I have a confusion about this question

169. If n is a positive integer and n2 is divisible by 72, then the largest positive integer that must divide n is
(A) 6
(8) 12
(C) 24
(0) 36
(E) 48

If we are looking for largest positive integer that must divide n, why can it not be 48.

because if n2 = 72 * 32 then n will be 48 , so does this not mean n is divisible by 48.

Please explain.

Thanks


The question asks about "the largest positive integer that MUST divide n", not COULD divide n. Since the least value of n for which n^2 is a multiple of 72 is 12 then the largest positive integer that MUST divide n is 12.

Complete solution of this question is given above. Please ask if anything remains unclear.


I spent a few hours on this one alone and I'm still not clear. I chose 12 at first, but then changed to 48.
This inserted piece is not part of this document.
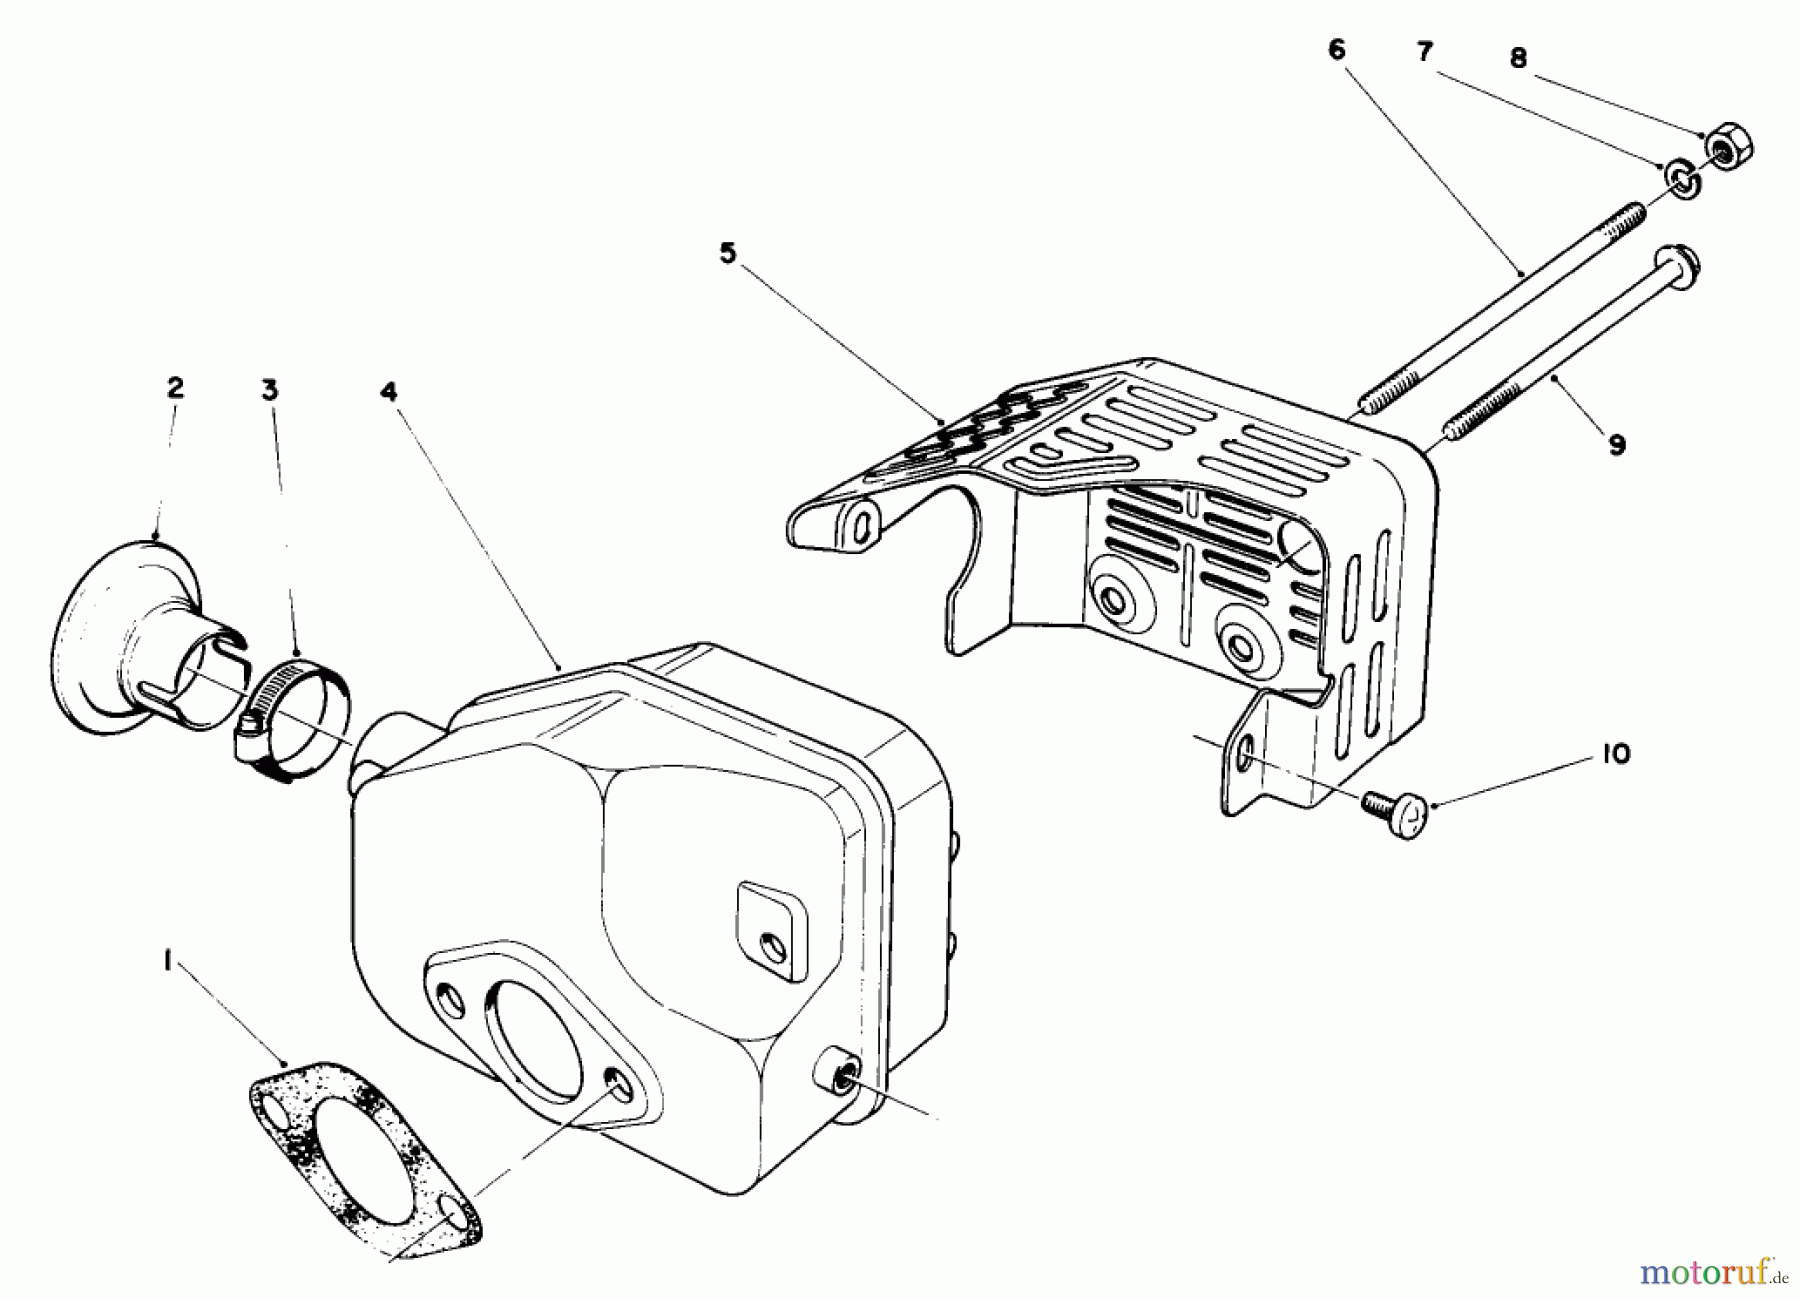  Toro Neu Mowers, Walk-Behind Seite 2 22030 - Toro Lawnmower, 1987 (7000001-7999999) ENGINE ASSEMBLY MODEL NO. 47PG6 #5

I'm not a native speaker, so here is how I interpreted this question: "the largest positive integer that must divide n" = "the largest positive factor of n". Since n is a variable (i.e. n is moving), so is its largest factor. Please correct if I'm wrong here.

I know that if n = 12, n^2 = 144 = 2 * 72 (satisfy the condition). When n = 12, the largest factor of n is n itself, which is 12. Check: 12 is the largest positive number that must divide 12 --> true

However if n = 48, n^2 = 48 * 48 = 32 * 72 (satisfy the condition too). When n = 48, the largest factor of n is n itself, which is 48. Check: 48 is the largest positive number that must divide 48 --> true

So, I also notice that the keyword is "MUST", not "COULD". The question is, why is 48 not "MUST divide 48", but instead only "COULD divide 48"? I'm not clear right here. Why is 12 "MUST divide 12"? What's the difference between them?

Thanks,

Caten


Only restriction we have on positive integer n is that n^2 is divisible by 72. The least value of n for which n^2 is divisible by 72 is 12, thus n must be divisible by 12 (n is in any case divisible by 12). For all other values of n, for which n^2 is divisible by 72, n will still be divisible by 12. This means that n is always divisible by 12 if n^2 is divisible by 72.

Now, ask yourself: if n=12, is n divisible by 48? No. So, n is not always divisible by 48.

Hope it's clear.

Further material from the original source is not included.